DATA EXCERPT:
<<<<
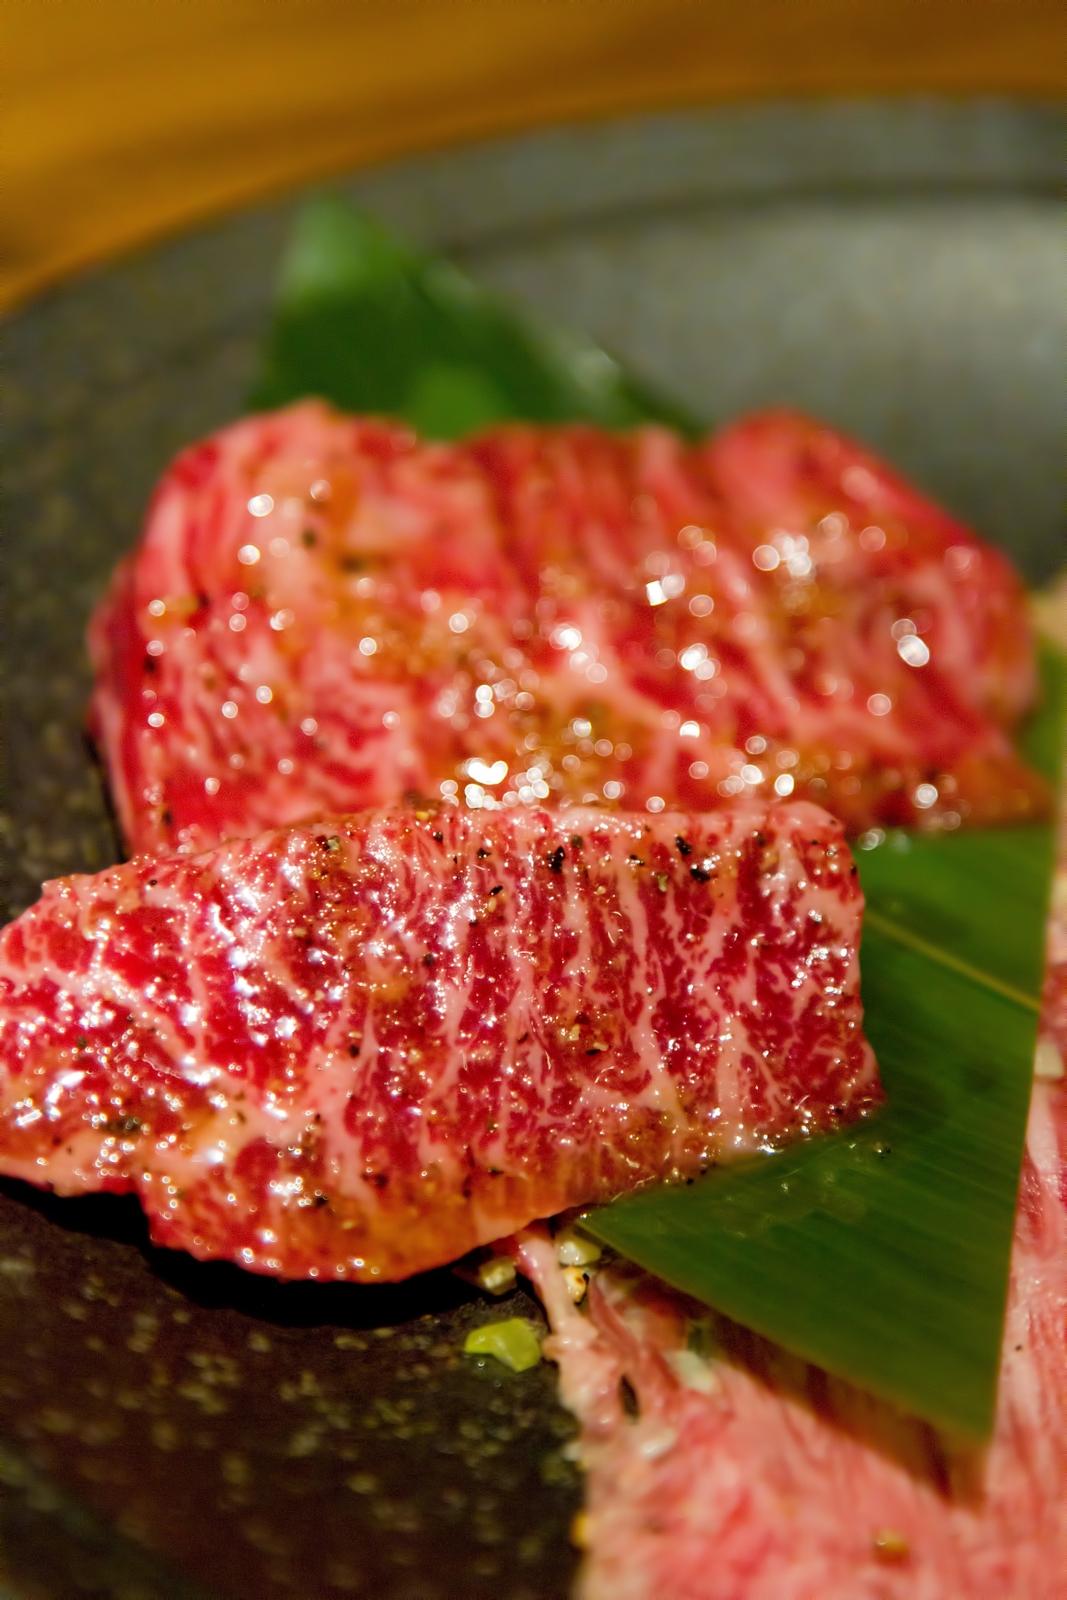 新宿で焼肉ランチしよう!食べ放題や安いお店・高級店のランチも!
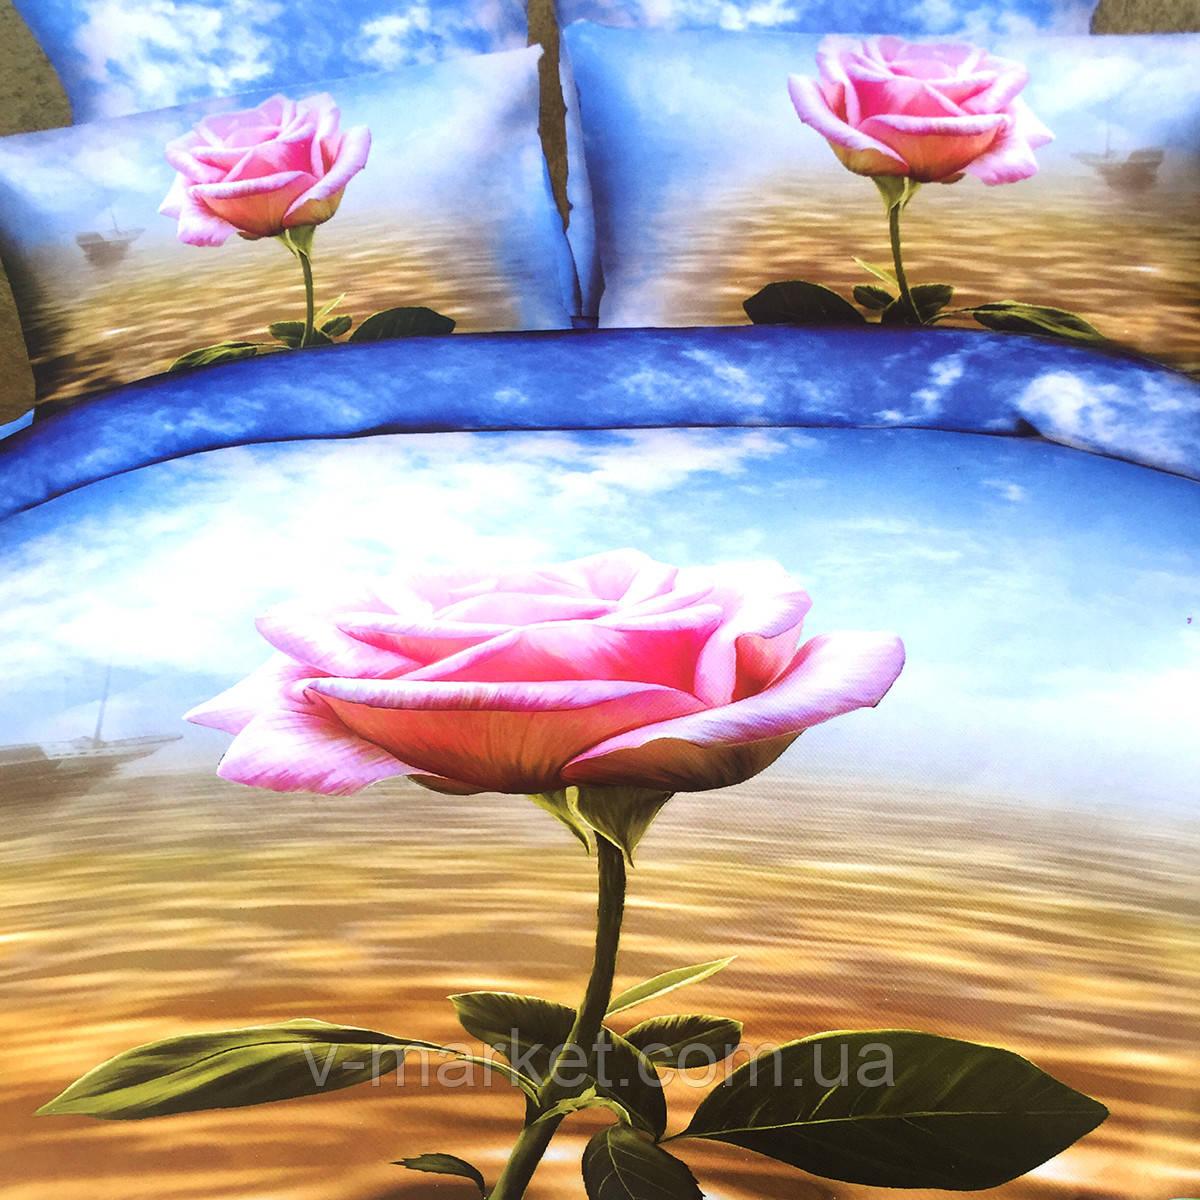 """""""Троянда"""" Євро розмір постільна білизна 3D ELWAY (Польща), 200/220 см, 4 наволочки, тканина сатин (100% бавовна)."""
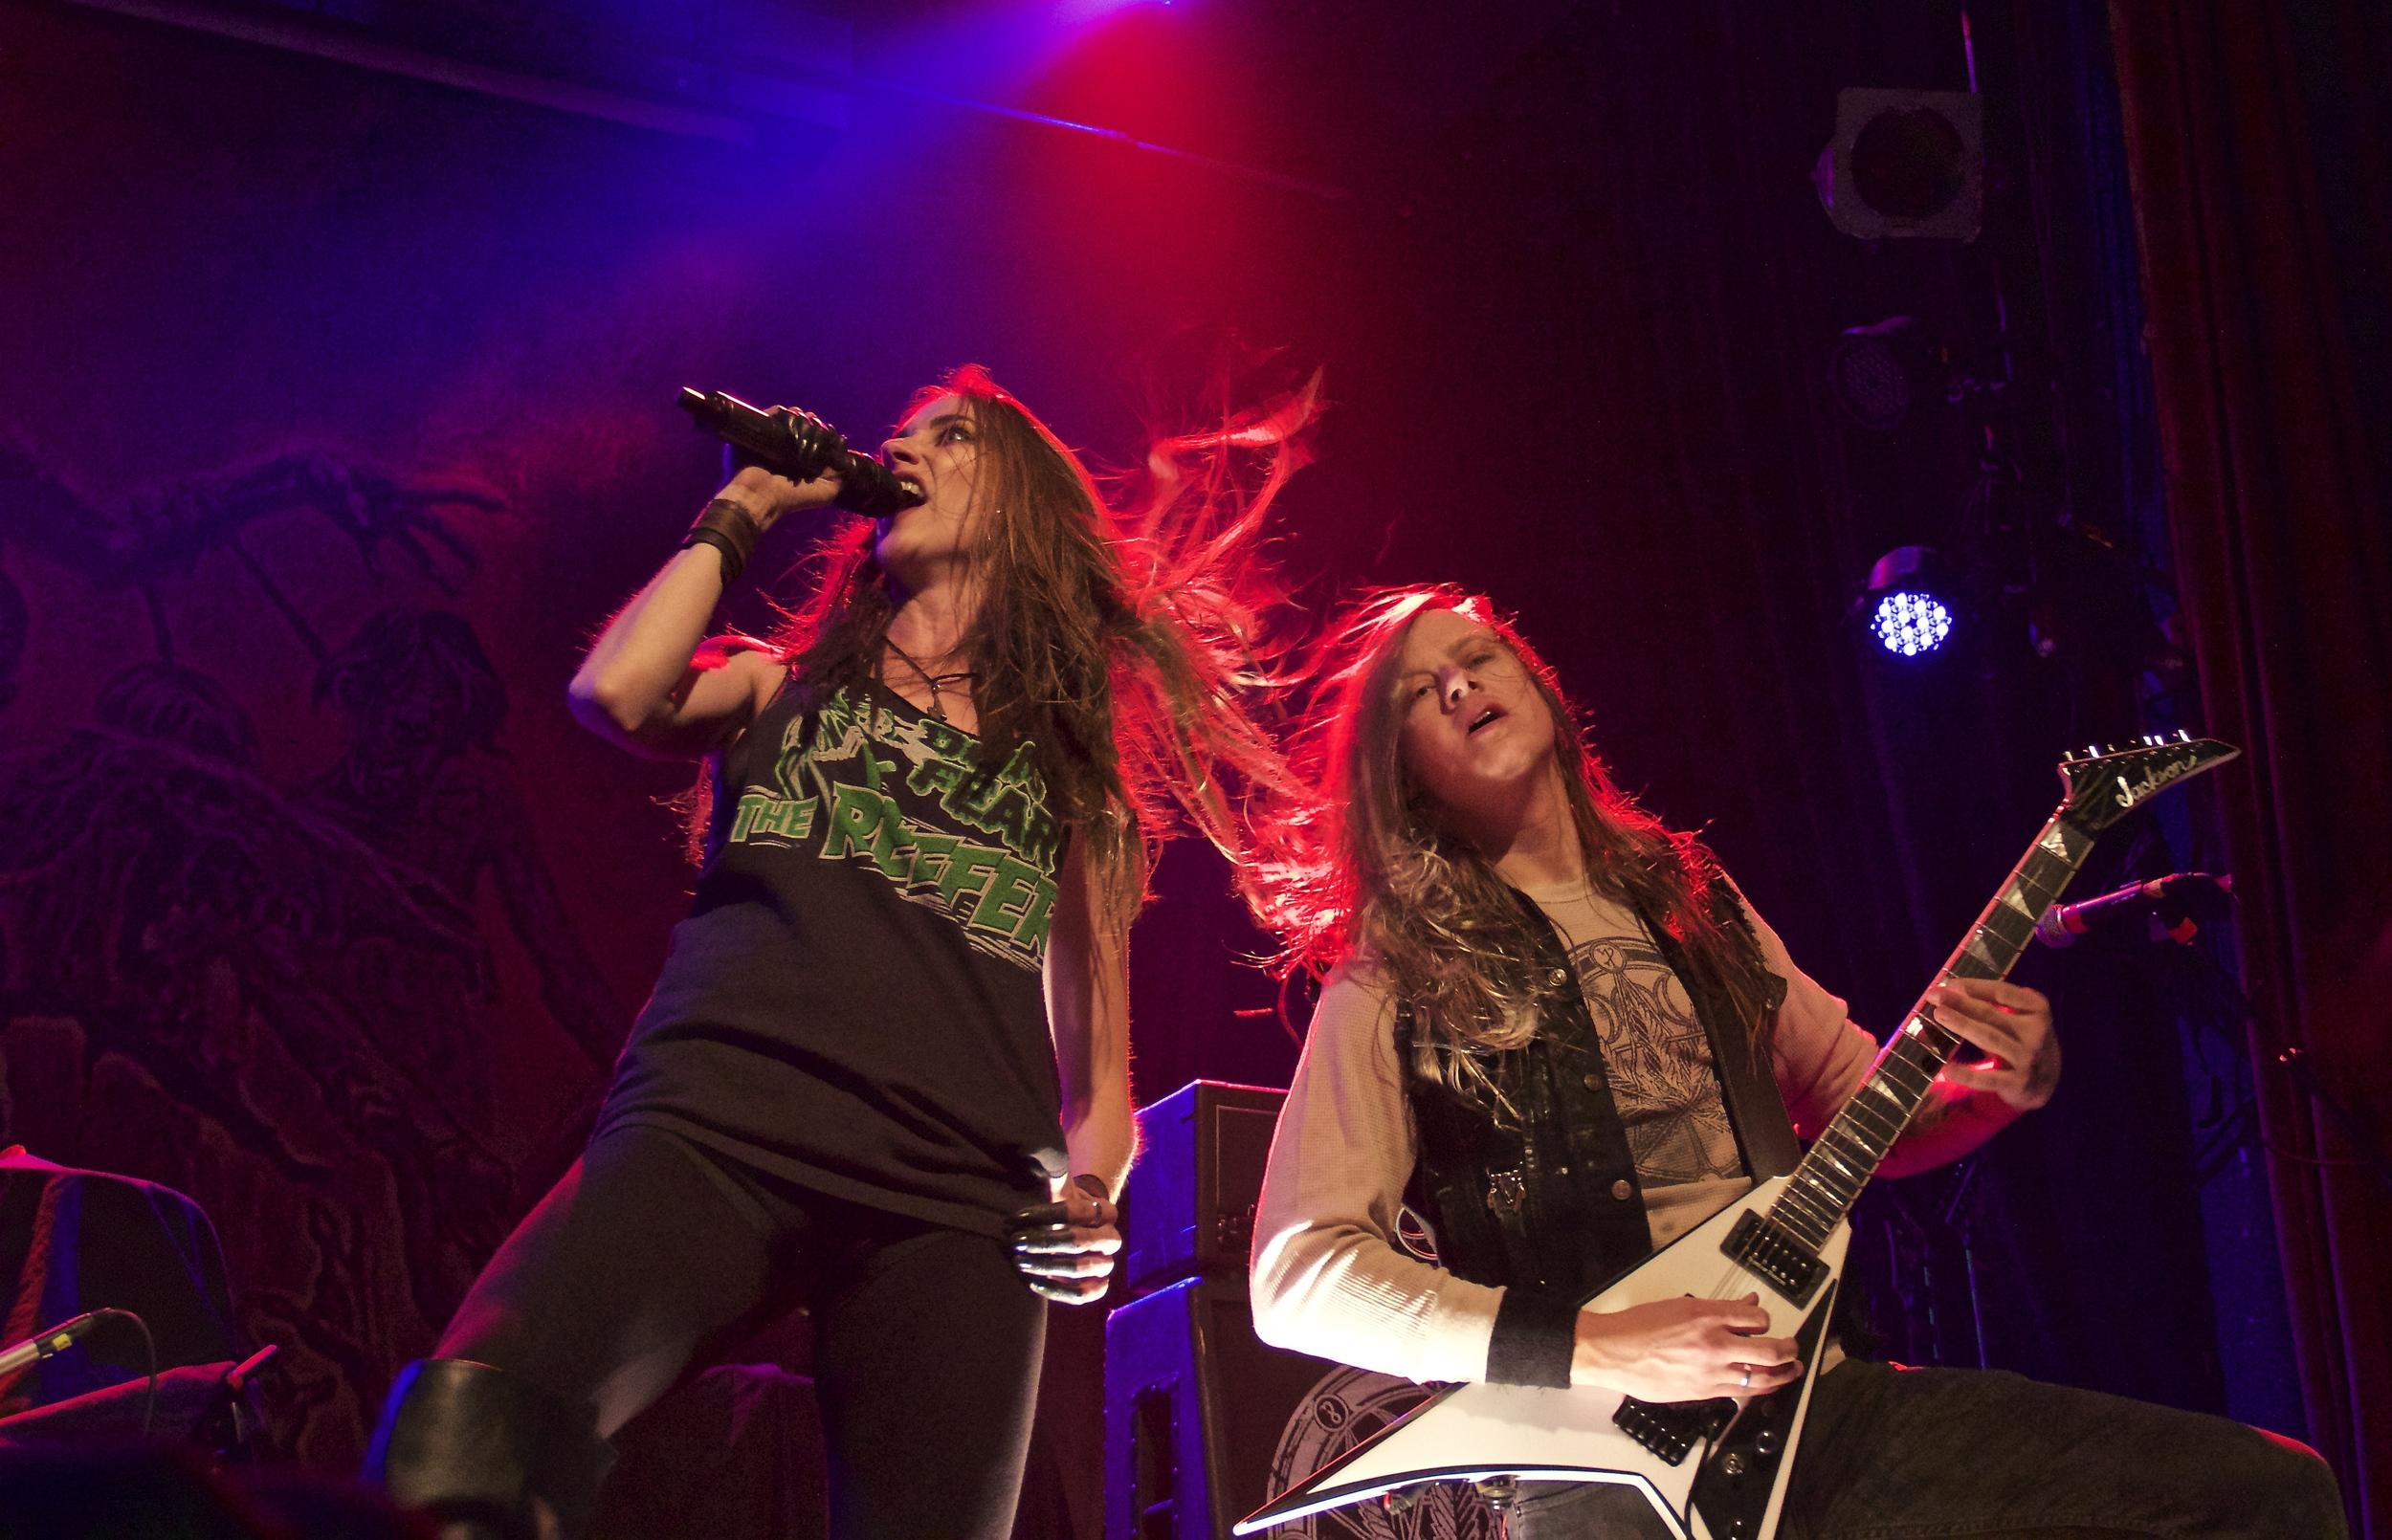 Huntress vocalist Jill Janus photo: David Burke
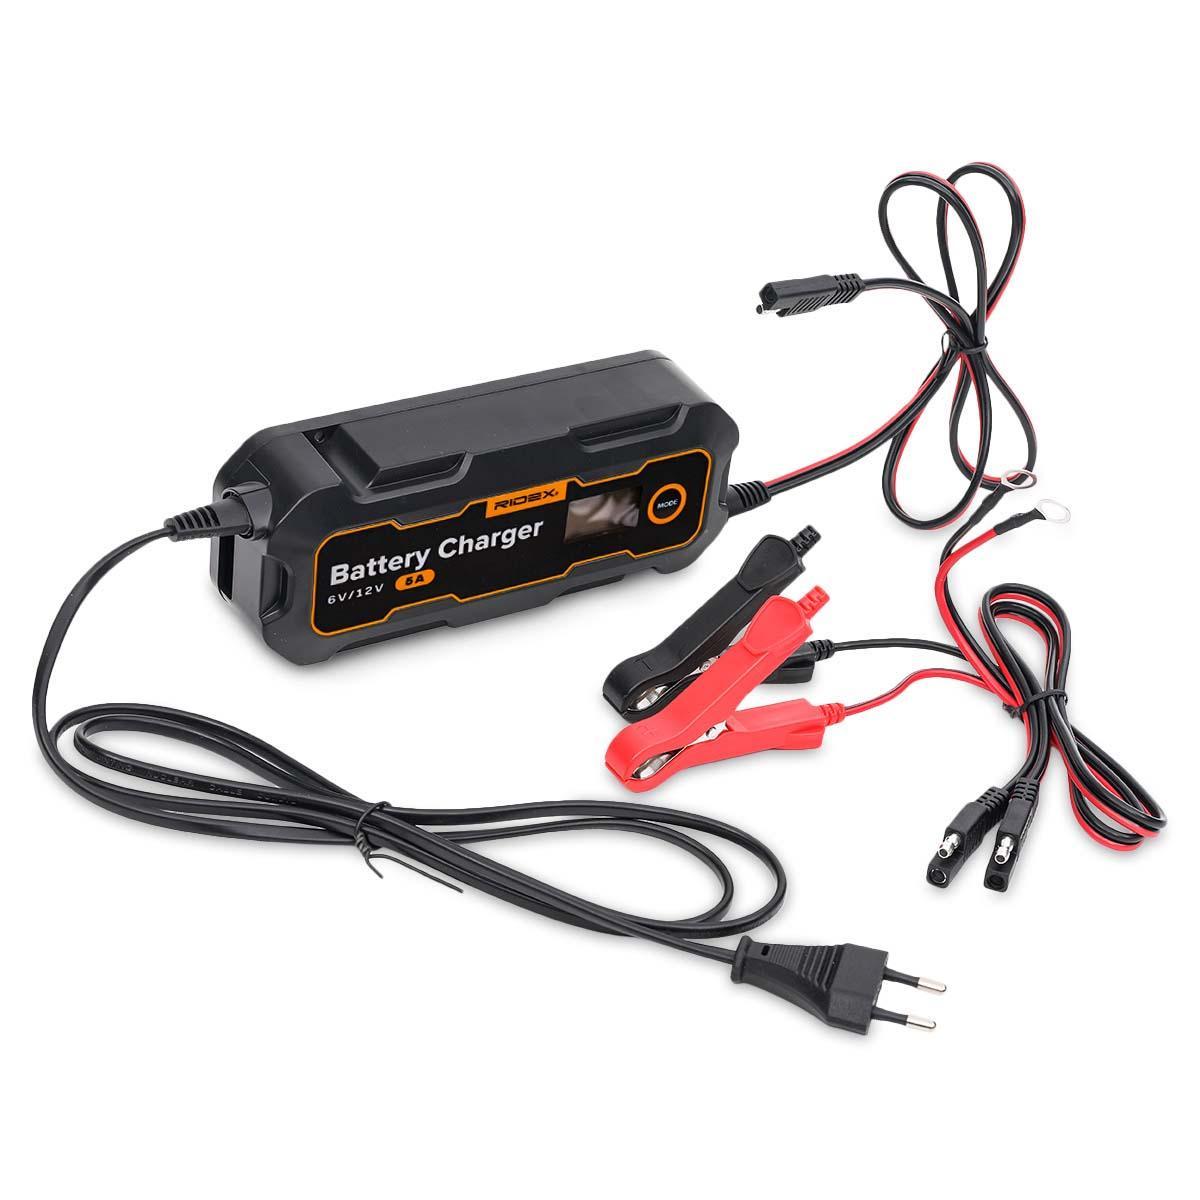 8040A0009 Starthilfegerät RIDEX - Markenprodukte billig
>>>>
TASK: Go through the material above and retype every line exactly, without the images.

YOUR SOLUTION:
 新宿で焼肉ランチしよう!食べ放題や安いお店・高級店のランチも!
 """""""Троянда"""" Євро розмір постільна білизна 3D ELWAY (Польща), 200/220 см, 4 наволочки, тканина сатин (100% бавовна)."""
 Huntress vocalist Jill Janus photo: David Burke
 8040A0009 Starthilfegerät RIDEX - Markenprodukte billig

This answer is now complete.